Mr. Wolf gained international recognition in the landmine clearing industry from an influential series of articles in leading industry journals in which he set forth a new model for organization, finance and technology application in global landmine clearing. As founding director of the TransBorder Institute at the University of San Diego he conducted negotiations to share resources with a Mexican university and to establish a structure for international water recycling. He also created a permanent management structure that resolved disagreements among stakeholders and mobilized statewide support for the mission of the institute. As a young man he organized an unprecedented coalition of civic organizations to lobby Oregon's US Senators for national reform of labor law.

He is well-networked, has developed relationships worldwide, and has direct ties with former First Nations tribal leaders in Canada. He is a co-founder (with Julio Ferreira and Tad Simmons) of the Brazil-U.S. Green Technology Trade Association (Braseuverde), an organization forwarding green technology and renewable energy in the United States and Brazil. He is literate in several languages and speaks Spanish fluently.

Appointment of Principal Officers

The newly elected Board of Directors meeting on October 23, 2011, elected the following officers:

Chairman/President: Daniel H. Wolf

Secretary: Roy Hales

Treasurer: John Thomas

 

ITEM 8.01 OTHER EVENTS

On October 7, 2011, the company, acting pursuant to an order of the 8th District Court of Nevada, Clark County, Nevada, of the Honorable Judge Elizabeth Gonzalez, conducted a shareholders meeting at the Red Rock Casino in Las Vegas, Nevada. At this meeting six directors were elected and several other matters were decided.

By consent of all parties the plaintiffs' Nevada associate counsel Robert Sullivan welcomed participants and opened the meeting at 10:00 a.m. Pacific Daylight Time. Also by consent the company's Chairman Daniel H. Wolf convened and conducted the meeting. The Chairman appointed Mr. Sullivan to the post of Parliamentarian, Mr. Sullivan's partner David Martin to the post of Inspector of Elections, company Director John Thomas to the post of Secretary, and an employee of Morrison Security Group, Inc., as Sergeant-at-Arms. The Inspector took the roll and declared the presence of a quorum, which was ratified unanimously. A motion to adopt Robert's Rules of Procedure as the rules of procedure for the meeting passed without dissent. A motion to adopt the proposed agenda as read passed likewise.
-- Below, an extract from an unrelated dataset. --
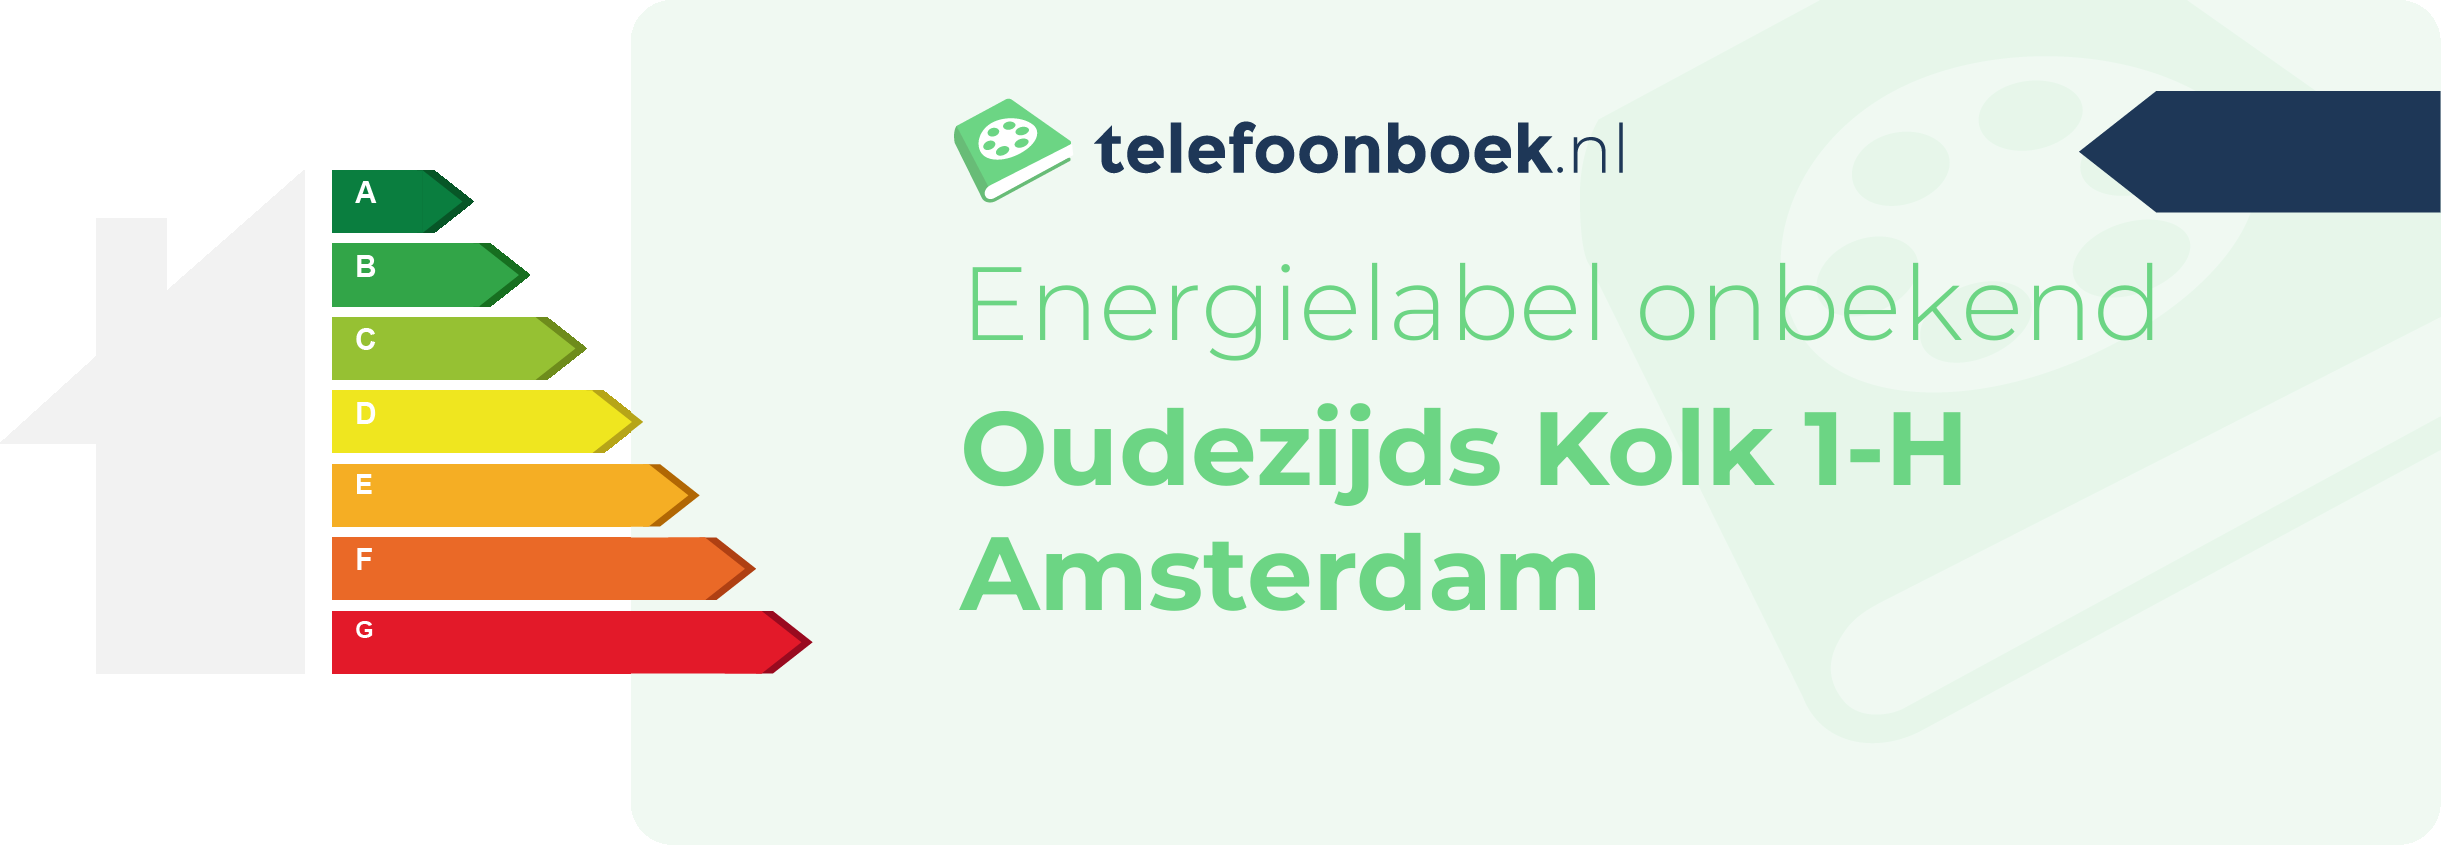 Energielabel Oudezijds Kolk 1-H Amsterdam
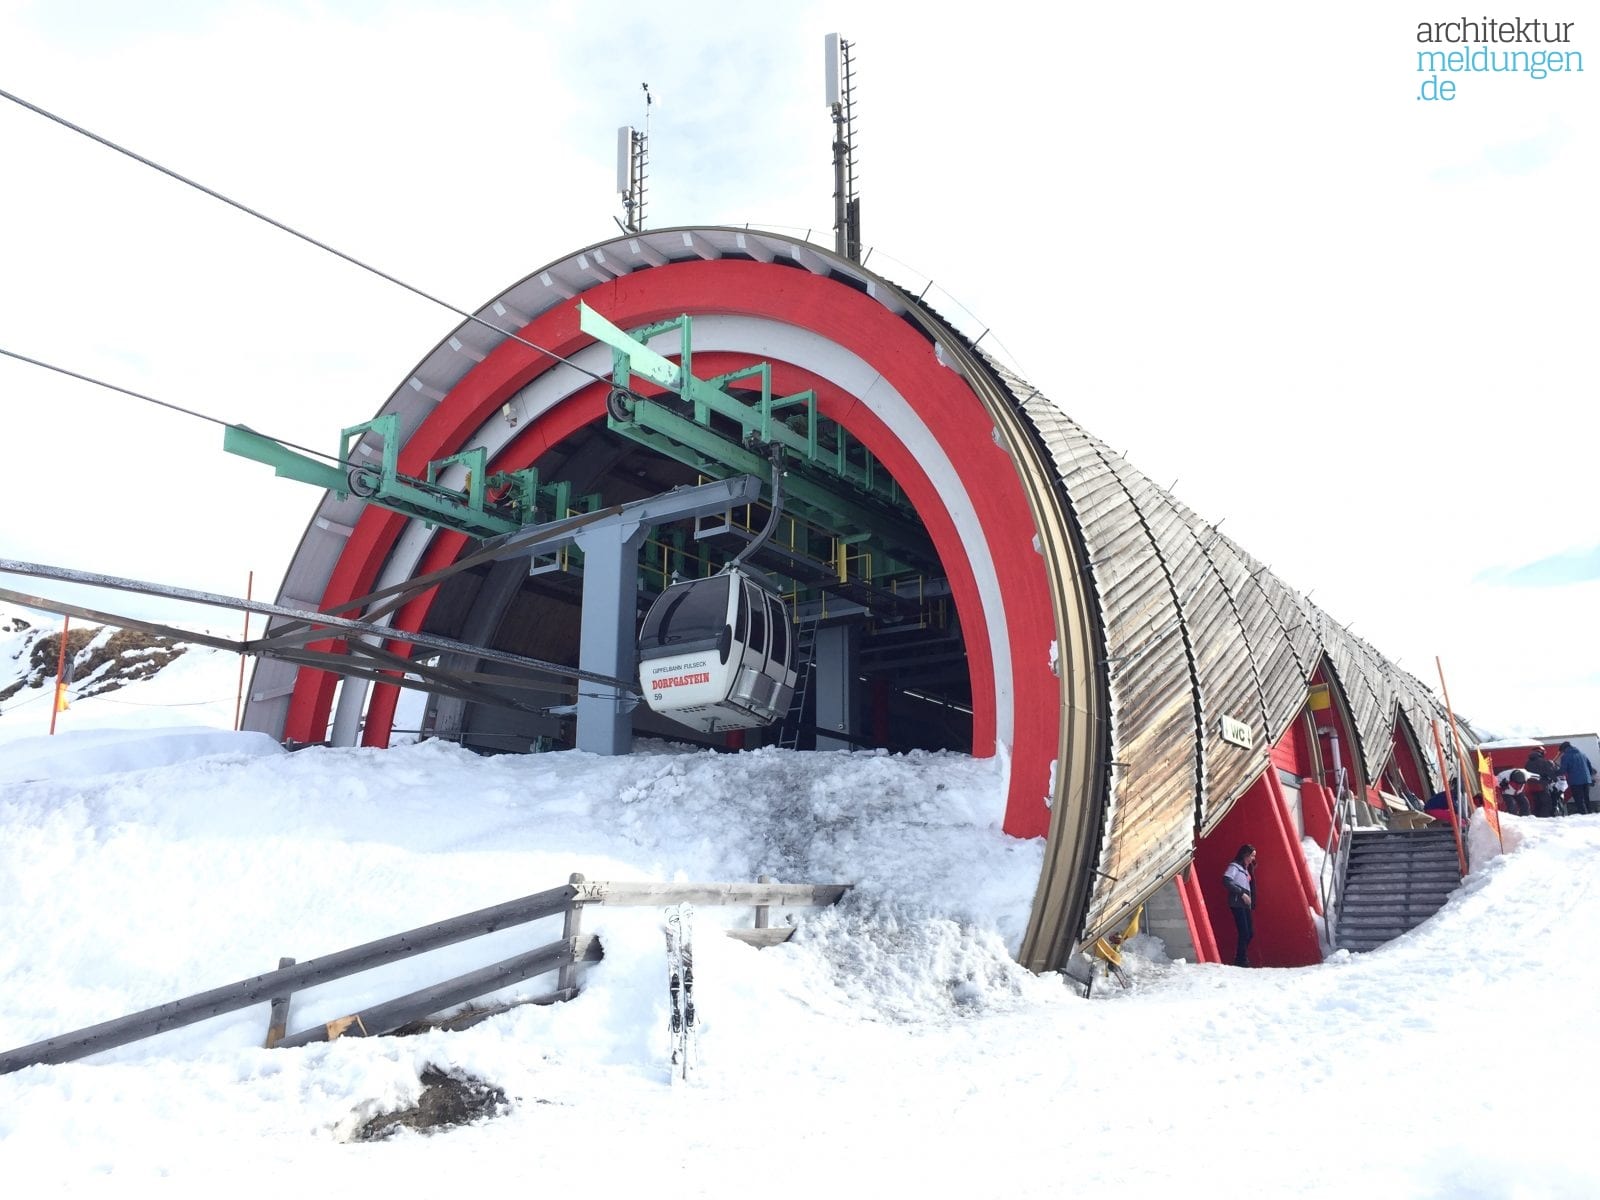 Konstruktiver Holzbau auf 2.000 m Höhe: Die Bergstation der Gipfelbahn Fulseck im Skigebiet Dorfgastein-Großarltal (Foto: Eric Sturm)

The meeting was simultaneously recorded, televised and broadcast over the World Wide Web so that shareholders not present could listen, observe, and ask questions. Court instructions to plaintiff lawyers included shareholder attendance by telephonic and/or video/internet means. This was not provided and the company duly objected.

Several proposals were moved and voted upon. In the interest of finishing the meeting before the reservation for the room expired, all agreed that the Inspector of Elections would tally the votes after the meeting and provide this tally to the Chairman for his ruling. The tally having been received, the Chair in a written ruling held that proxies would not be counted, and that two other types of shares could be counted if proffered with adequate proof of ownership. The following paragraph represents the application of that post-meeting tally and the Chair's ruling as to qualified votes.

Proposal 1 was a motion to repeal the company bylaws amended July 31, 2011, and reinstate the previously existing bylaws. The motion failed. Proposal 2 was to elect members of the Board of Directors. Because the motion to repeal the amended bylaws failed, the D'Hondt system of proportional representation was used to elect directors, as required by the company's Bylaws. The slate comprised of the six persons listed in Section 5.03 above was elected. Proposal 3 was to ratify Richard Hawkins as Independent Auditor. The motion passed. Proposal 4 was a motion to establish a "super advisory board" composed of five shareholders selected by consensus and one ex-officio member selected by the Board of Directors. The motion passed.

The meeting was adjourned at 1:37p.m.